*** EXERCISE DATA Section Begins ***

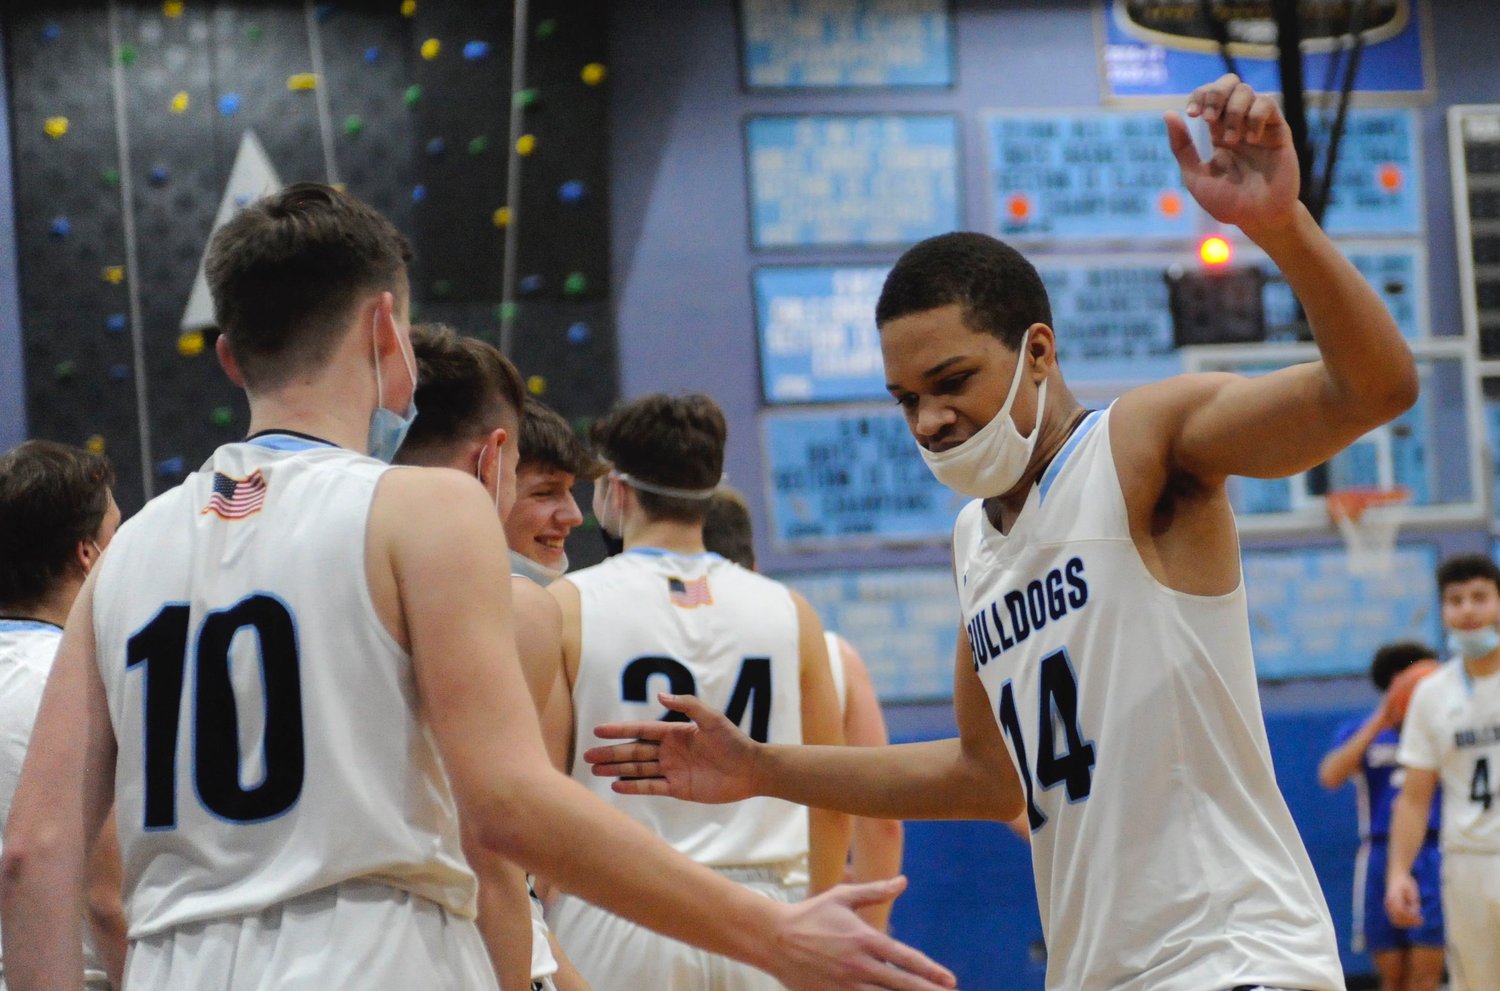 A “high five” on the lowdown. Sullivan West’s Ray Jones closed out the Bulldogs’ scoring with a “three” at the final buzzer. He was congratulated by his teammates including Matthew DuBois (pictured).
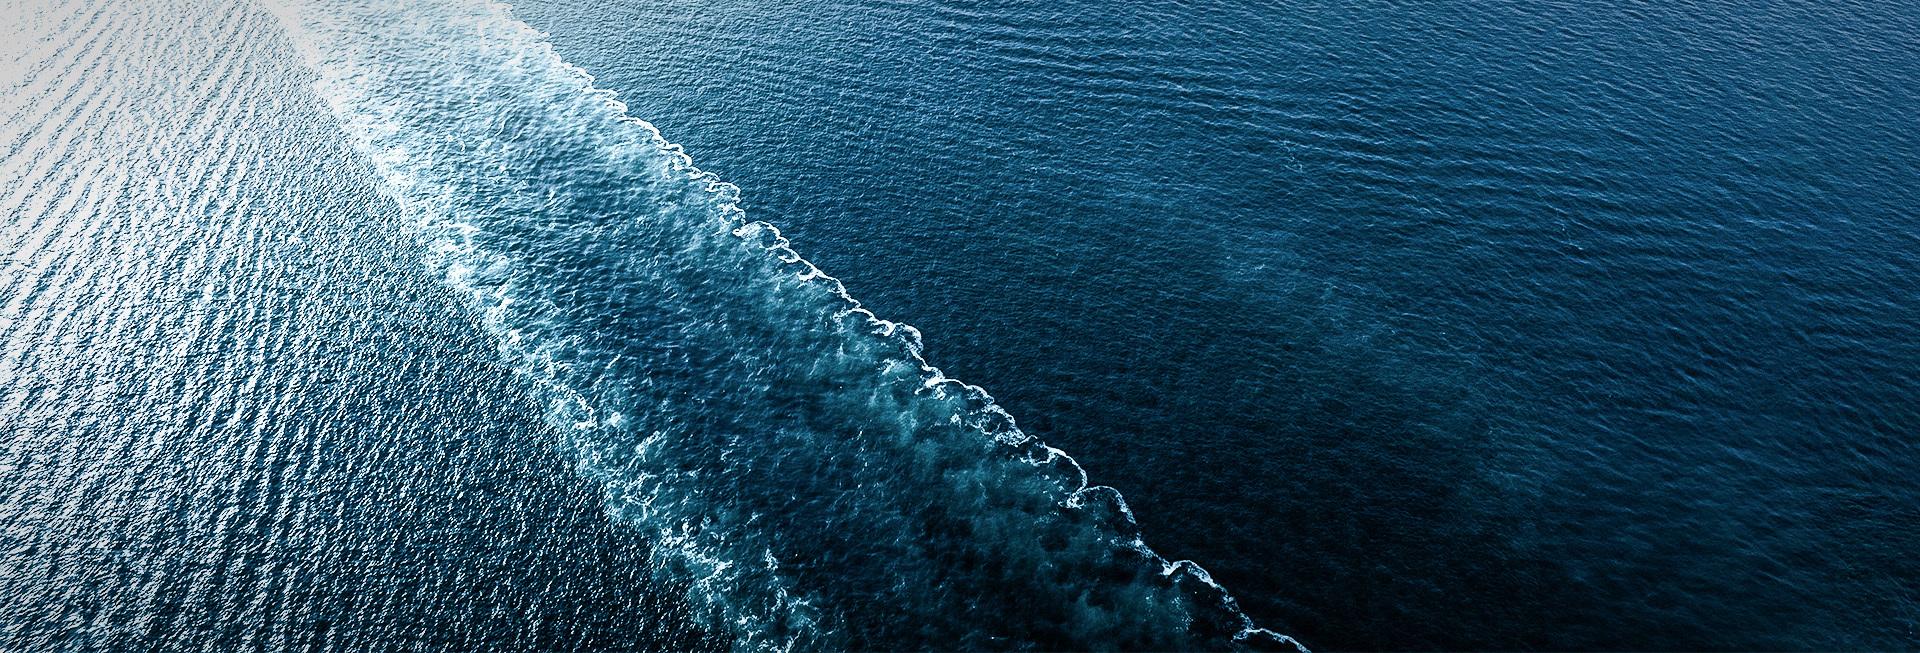 A sea with the wake of a passing ship in the water.
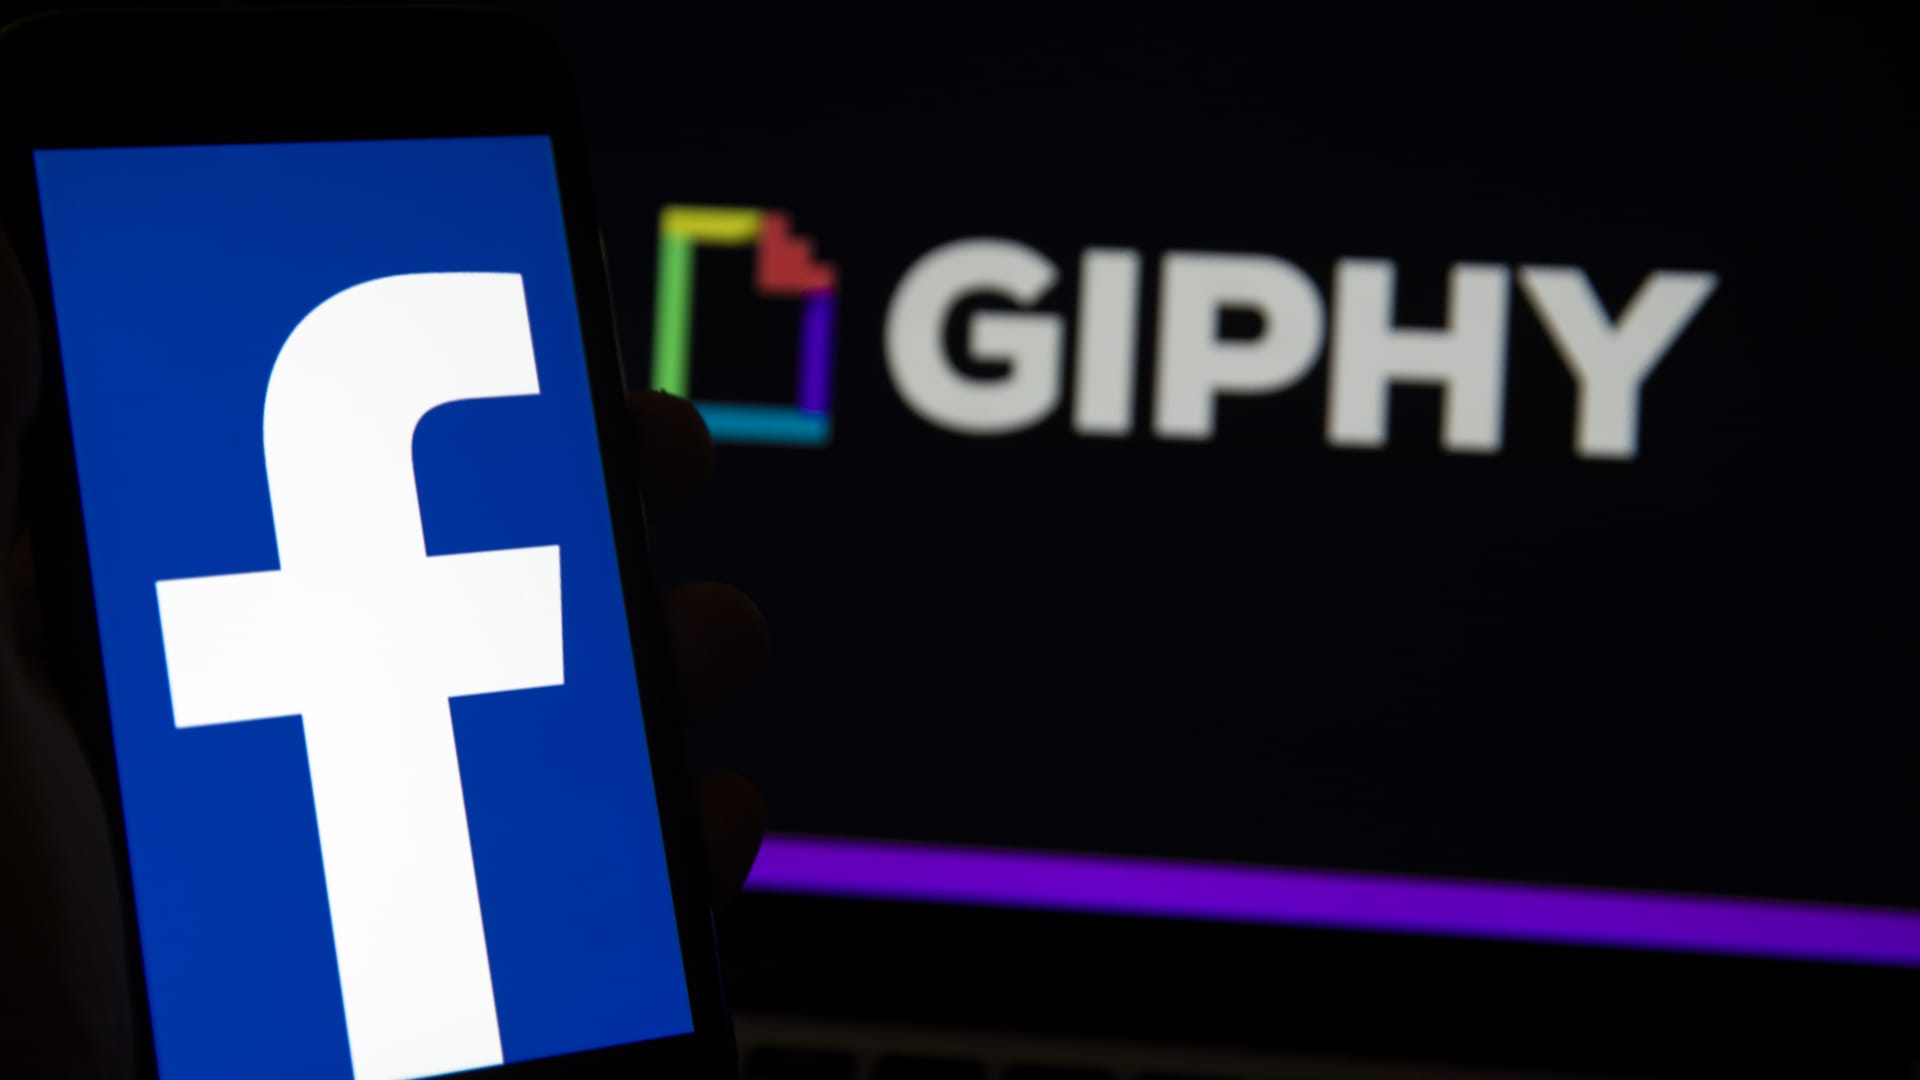 Facebook parent Meta ordered to sell Giphy by UK competition regulator

*** EXERCISE DATA Section Ends ***

Your task is to retype the listing exactly, without its pictures.

 A “high five” on the lowdown. Sullivan West’s Ray Jones closed out the Bulldogs’ scoring with a “three” at the final buzzer. He was congratulated by his teammates including Matthew DuBois (pictured).
 A sea with the wake of a passing ship in the water.
 Facebook parent Meta ordered to sell Giphy by UK competition regulator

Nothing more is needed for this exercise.